▶ _EXERCISE INSTRUCTIONS_
Beginning at the line containing "Covor rezistent Webtappeti", repeat each line below exactly up to and including the line containing "Generic RTU5024 GSM". Do not repeat the pictures.

▶ _PROVIDED ENTRIES_

┌──

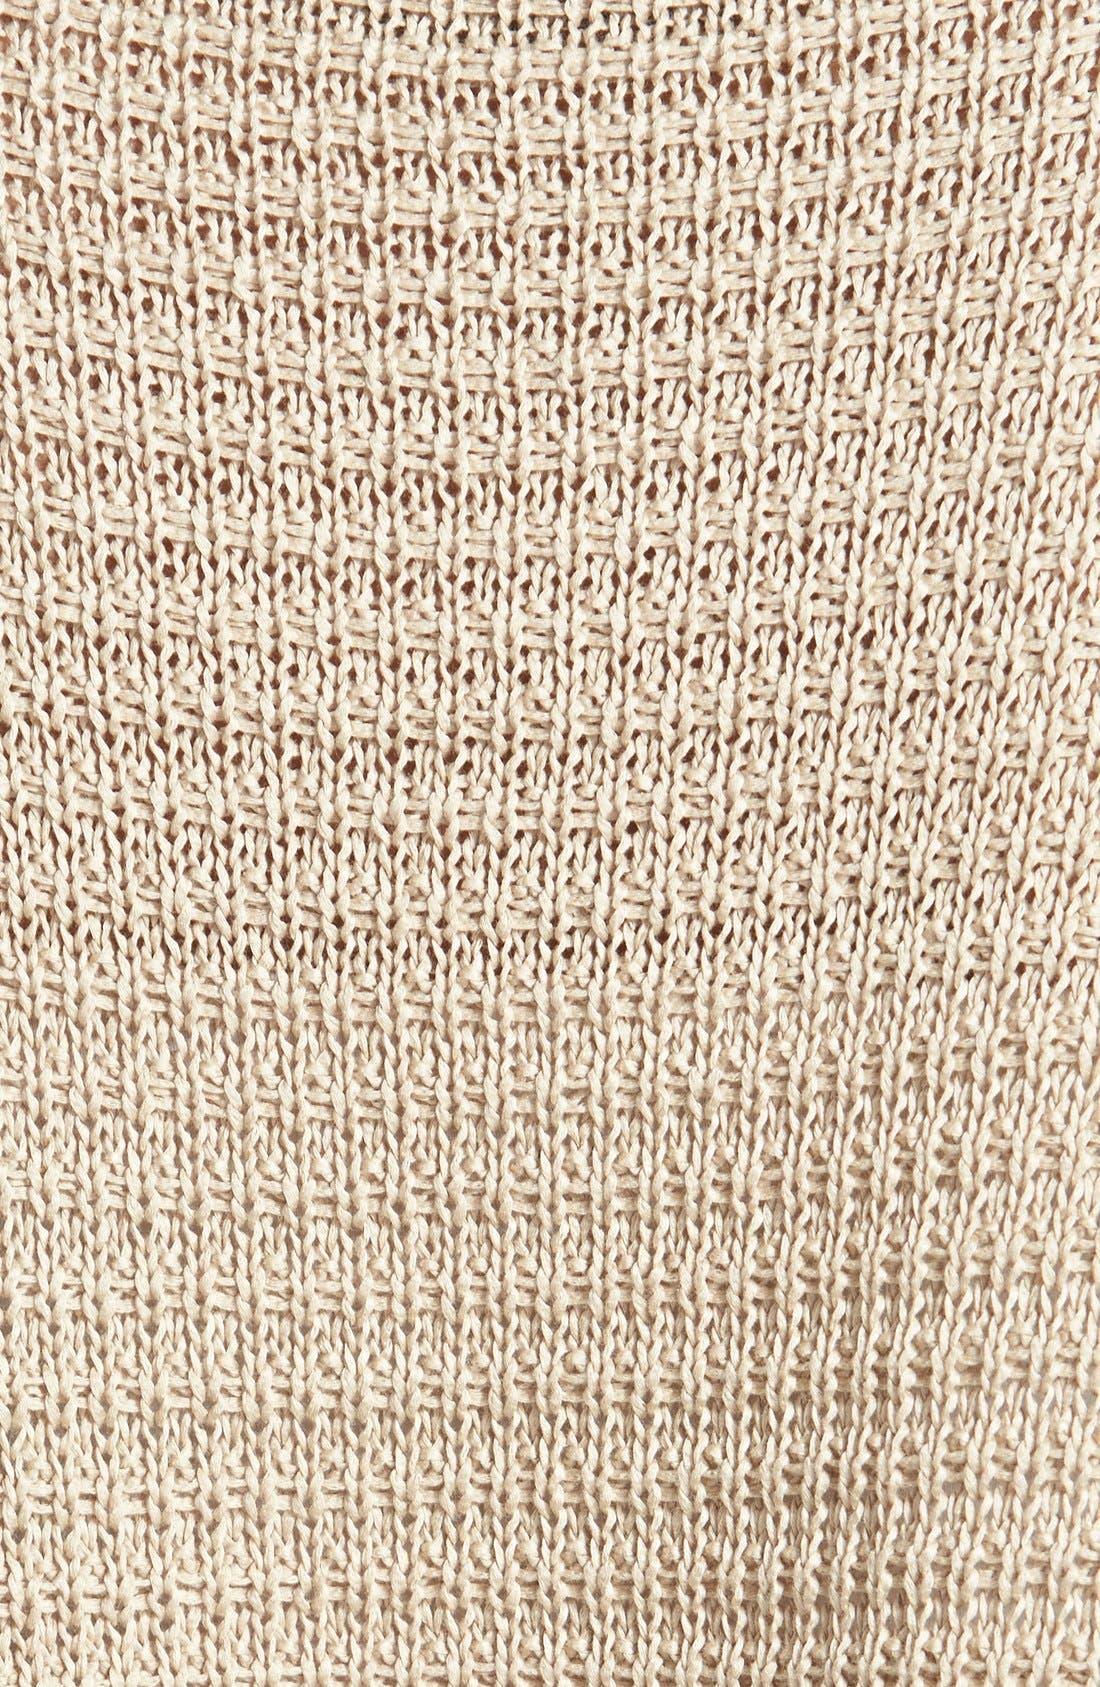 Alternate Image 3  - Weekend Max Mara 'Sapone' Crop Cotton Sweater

└──
┌──

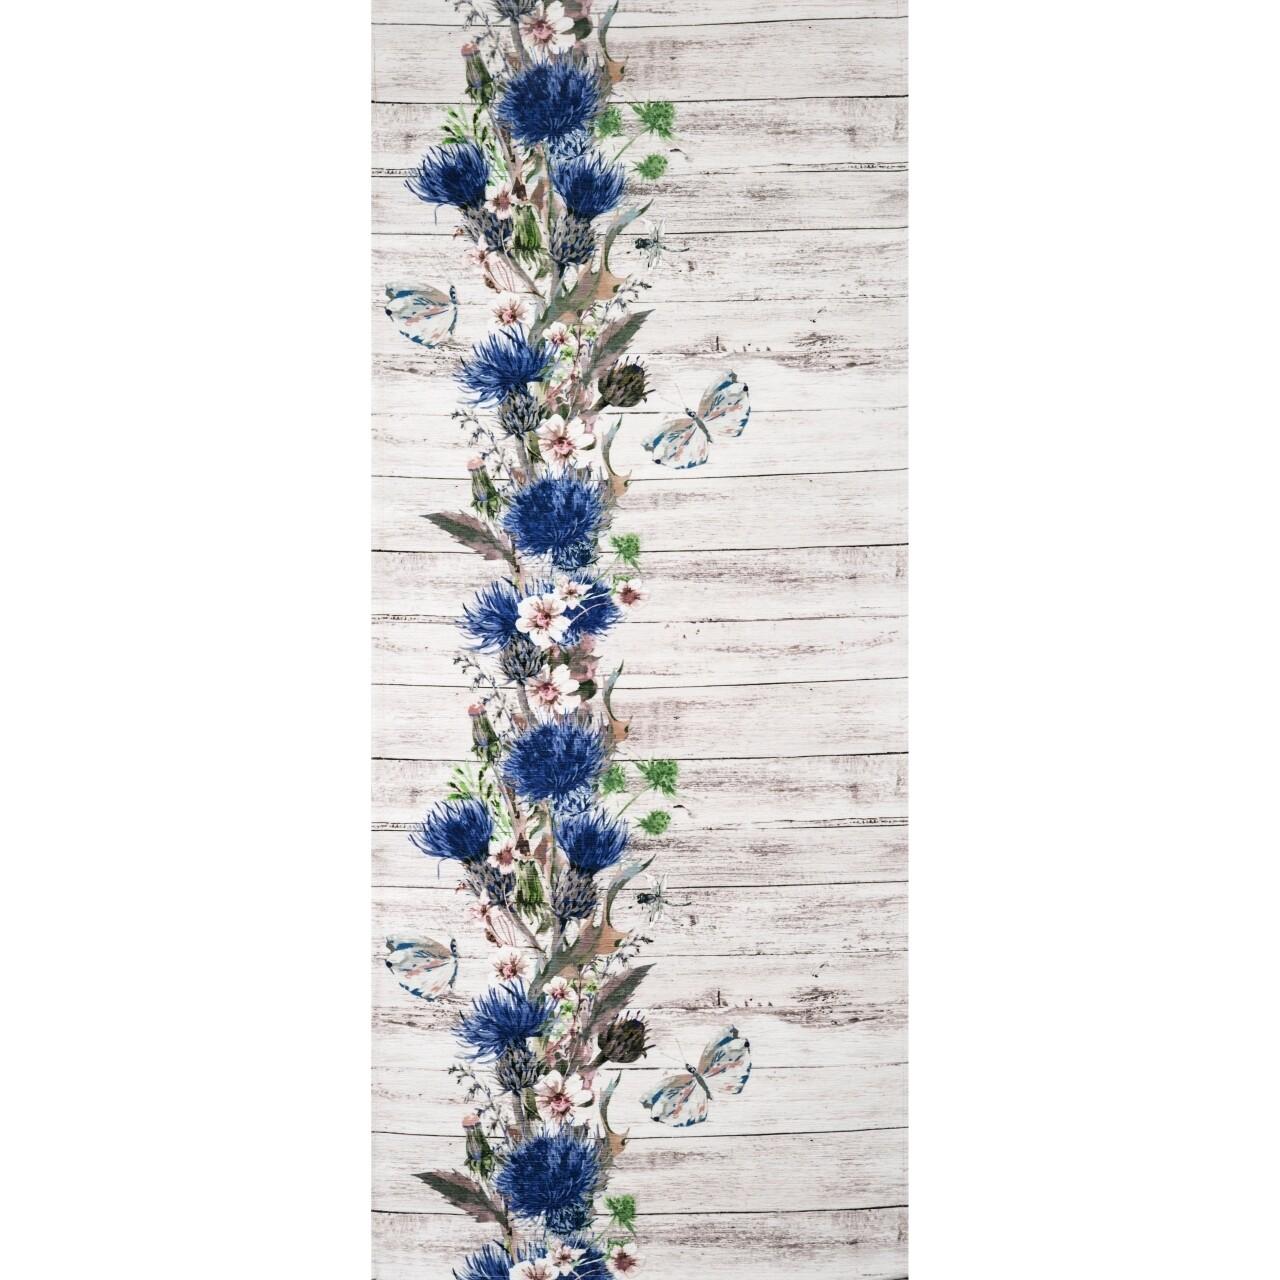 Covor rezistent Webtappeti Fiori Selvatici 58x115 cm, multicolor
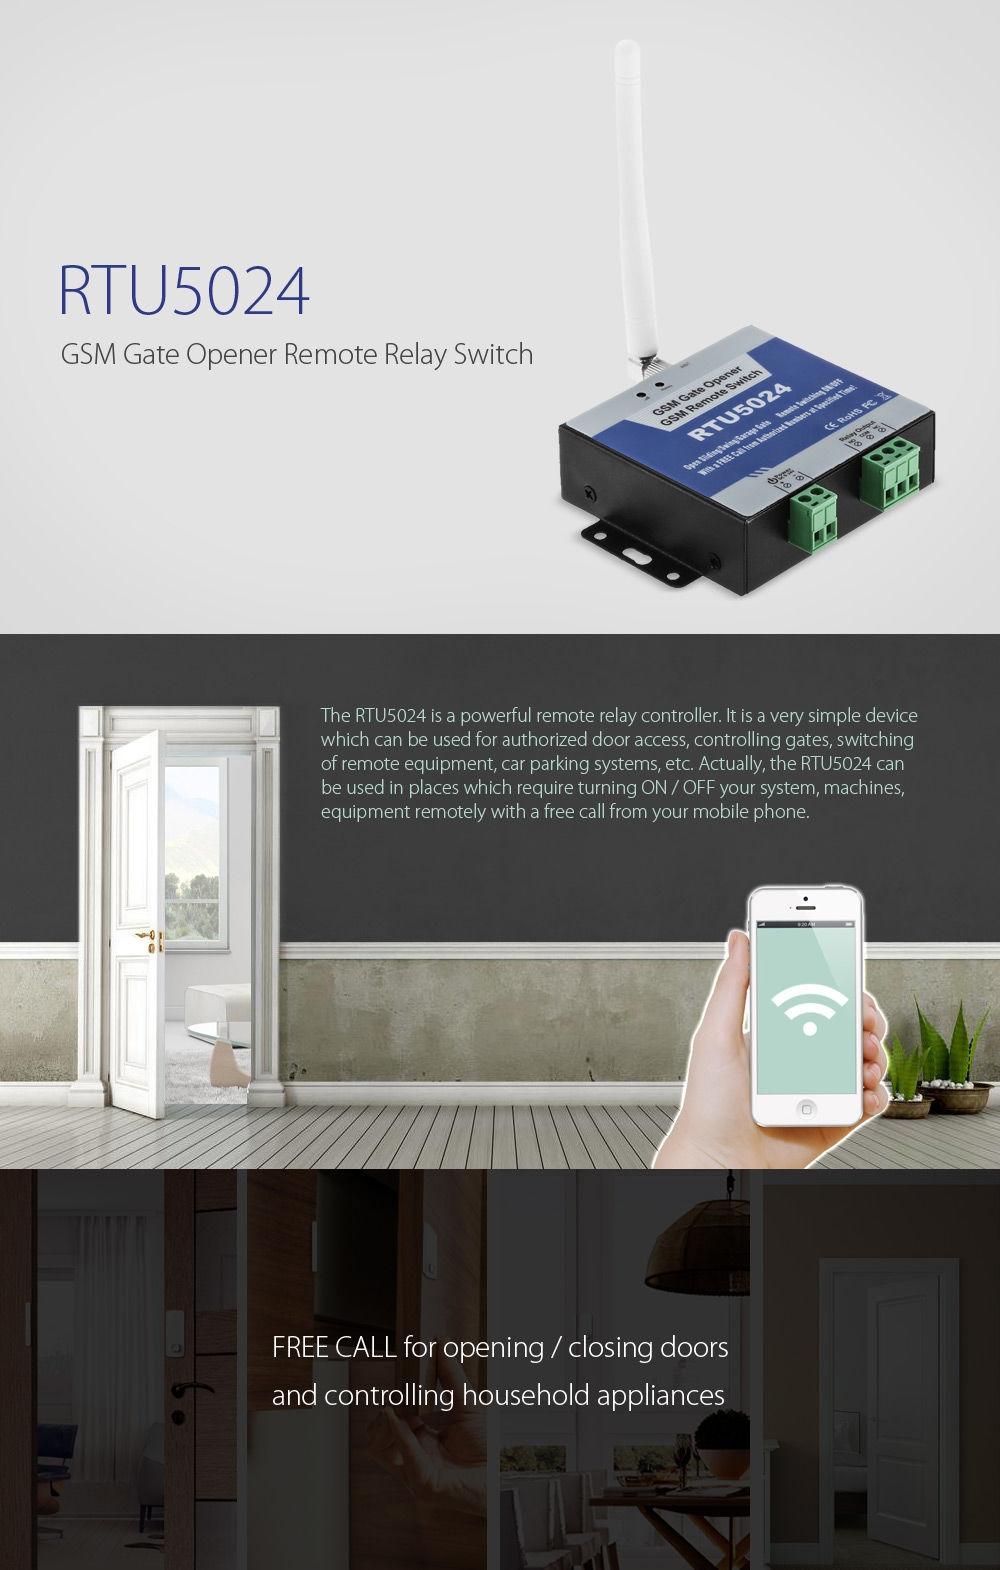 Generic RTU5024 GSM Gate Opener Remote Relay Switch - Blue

└──
┌──

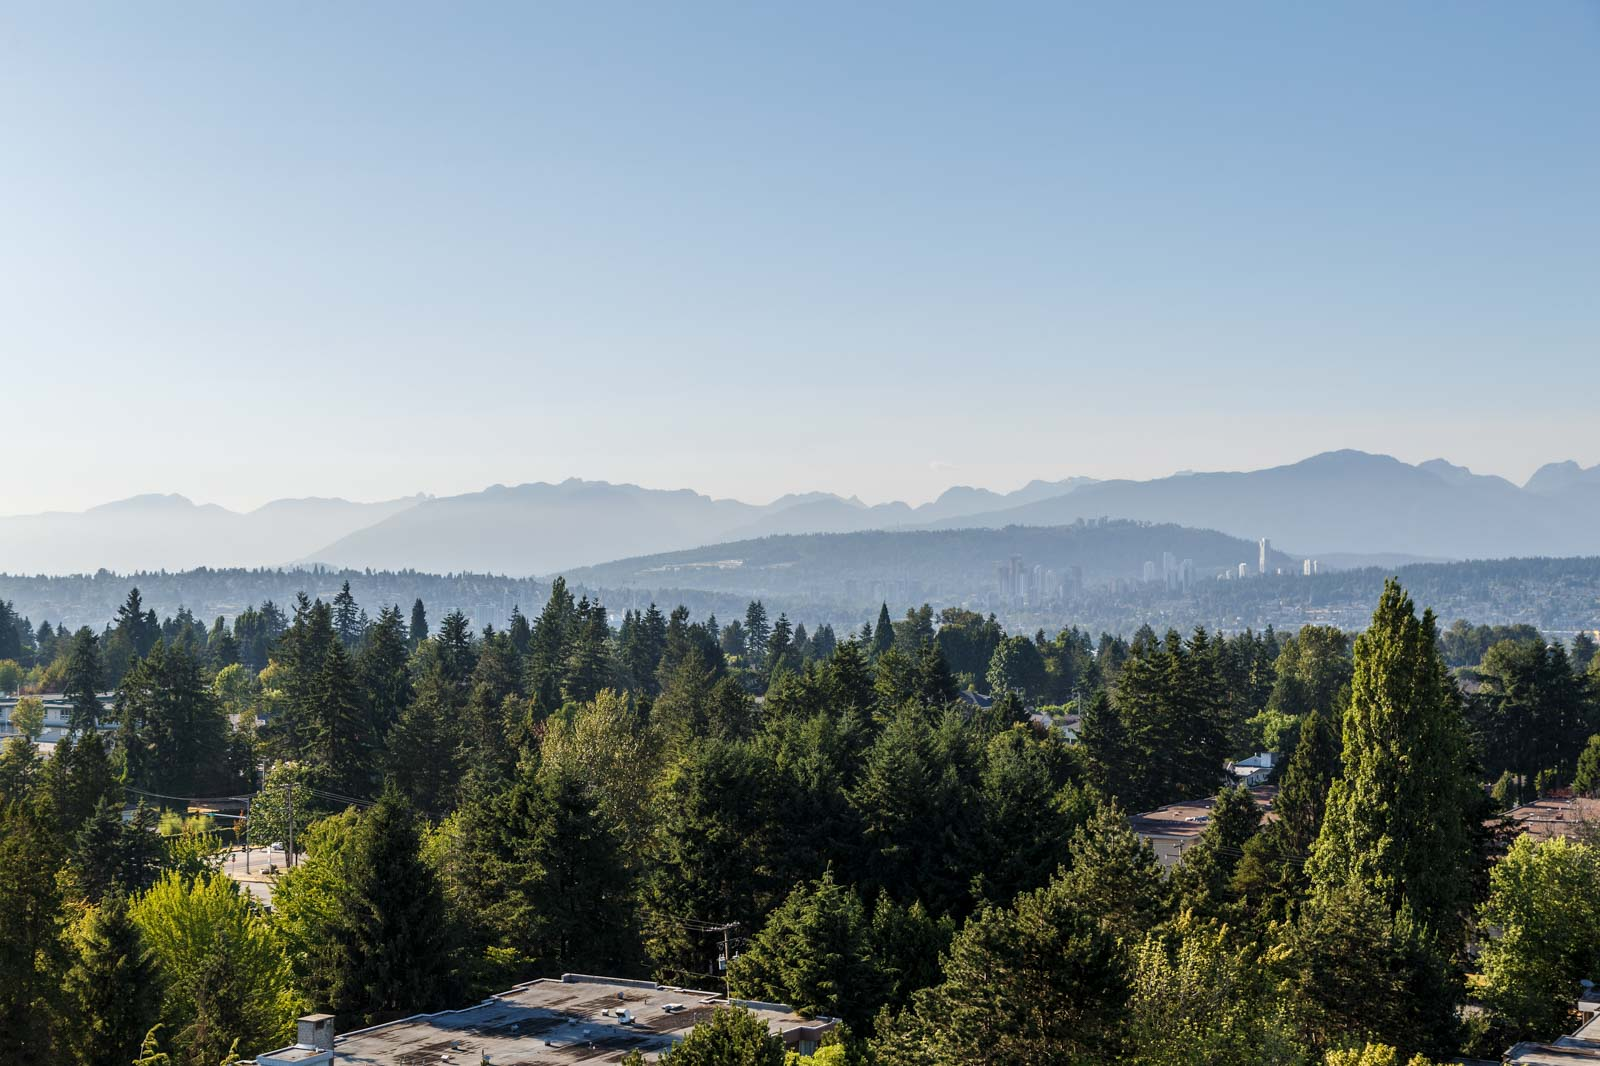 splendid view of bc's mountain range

└──

▶ _REPLY_
 Covor rezistent Webtappeti Fiori Selvatici 58x115 cm, multicolor
 Generic RTU5024 GSM Gate Opener Remote Relay Switch - Blue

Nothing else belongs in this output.